From Xl/L to Medium I wore cycling team kit, I know its not for everyone but it gives me my edge, the reason for me to flight that little bit more each day, I have a jersey to defend, when you honker on up to commute, on a road bike, wearing team kit, everyone thinks your game for being brought down to earth, its my job, to not let anyone pass me on my commute, EVER, that keeps my focus, the weight off and keeps me being a better cyclist every day. BUT as I say, its not for everyone.


I'm always happy to help, I might not always be around, so PM me if there is anything posted you want an answer to, just so I dont miss it.

Check out my blog in my sig, for the before and after pictures....THIS CAN BE DONE, YOU CAN BEAT THIS.

and most of all DONT EVER GIVE UP, Good Luck and go kill it

Gaz


----------



## gb155 (23 Apr 2012)

leemo said:


> Sirrus is a lovely bike. But I'm not sure it can support your weight -- I seem to remember the manual that comes with the bike has a maximum rider weight so check this out.
> 
> I think a mountain bike with 26 inch wheels might be better. Smaller wheels and wider rim could be stronger than the ones on the sirrus.

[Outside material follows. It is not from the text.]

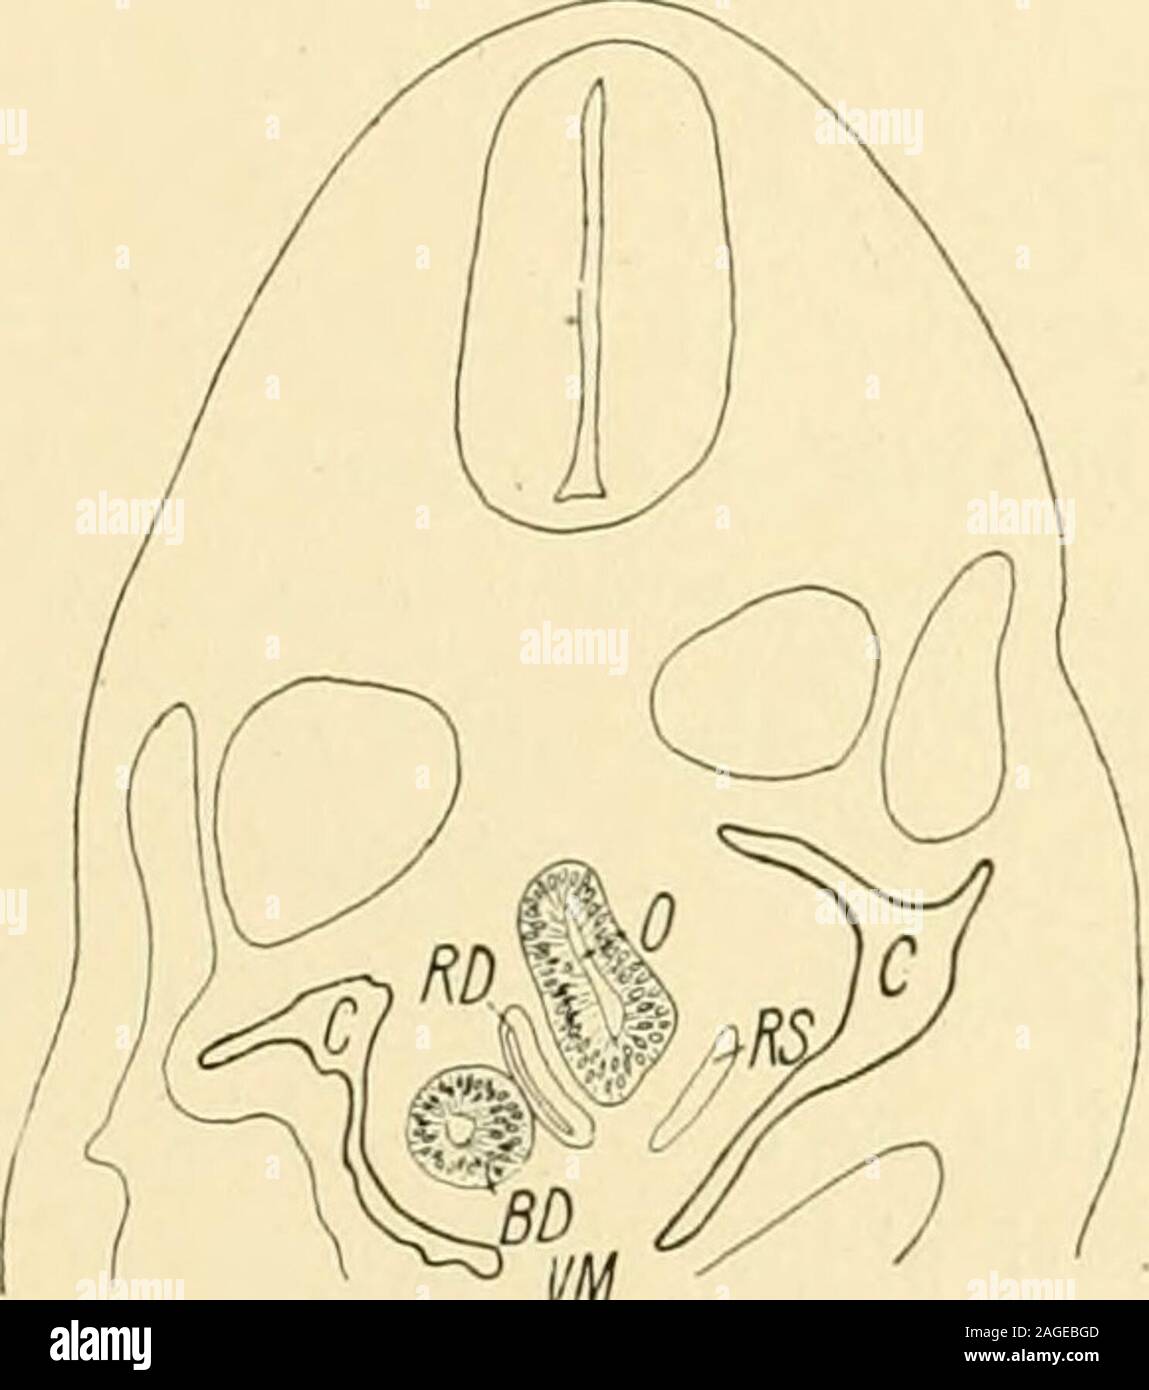 . The American journal of anatomy. 39 precocious as I possess later stages where the two systems are in opencommunication at a lower level than is shown in this specimen. At thelevel where the Mesocardium posterior begins (Fig. 7 VM), the epithe-lium lining the fore gut is columnar and consists, except in the ventraland dorsal angles, usually of a double layer of cells. In the anlage of thelungs (Fig. 8), it is slightly higher and shows a more active karyoki-netic process. A similar layer of endoblast extends out into the primitivebronchi. At the tips, cell division is proceeding rapidly. The Stock Photo

If you want to go mainly on road do not get suspension and change the knobly tyres for slicks -- about 35mm wide might be a good idea.


 

A strong 700c wheel can and is as strong as a 26" wheel

A weak 26" is weaker than a strong 700c wheel

I used to think the way you did, but its so wrong, its untrue


----------



## gary in derby (23 Apr 2012)

im around he same sort of weight and went for the specialized tricross. i love it is great to ride strong enough and a dam site quicker than my old mtb. so might be worth a look. oh and hi to gb still going mate


----------



## gb155 (23 Apr 2012)

gary in derby said:


> im around he same sort of weight and went for the specialized tricross. i love it is great to ride strong enough and a dam site quicker than my old mtb. so might be worth a look. oh and hi to gb still going mate



Hi mate. how's you?? 

Good shout on the tri


----------



## gary in derby (23 Apr 2012)

not bad, i like it, off to do l2b in june and its all your fault, lol.


----------



## gb155 (23 Apr 2012)

gary in derby said:


> not bad, i like it, off to do l2b in june and its all your fault, lol.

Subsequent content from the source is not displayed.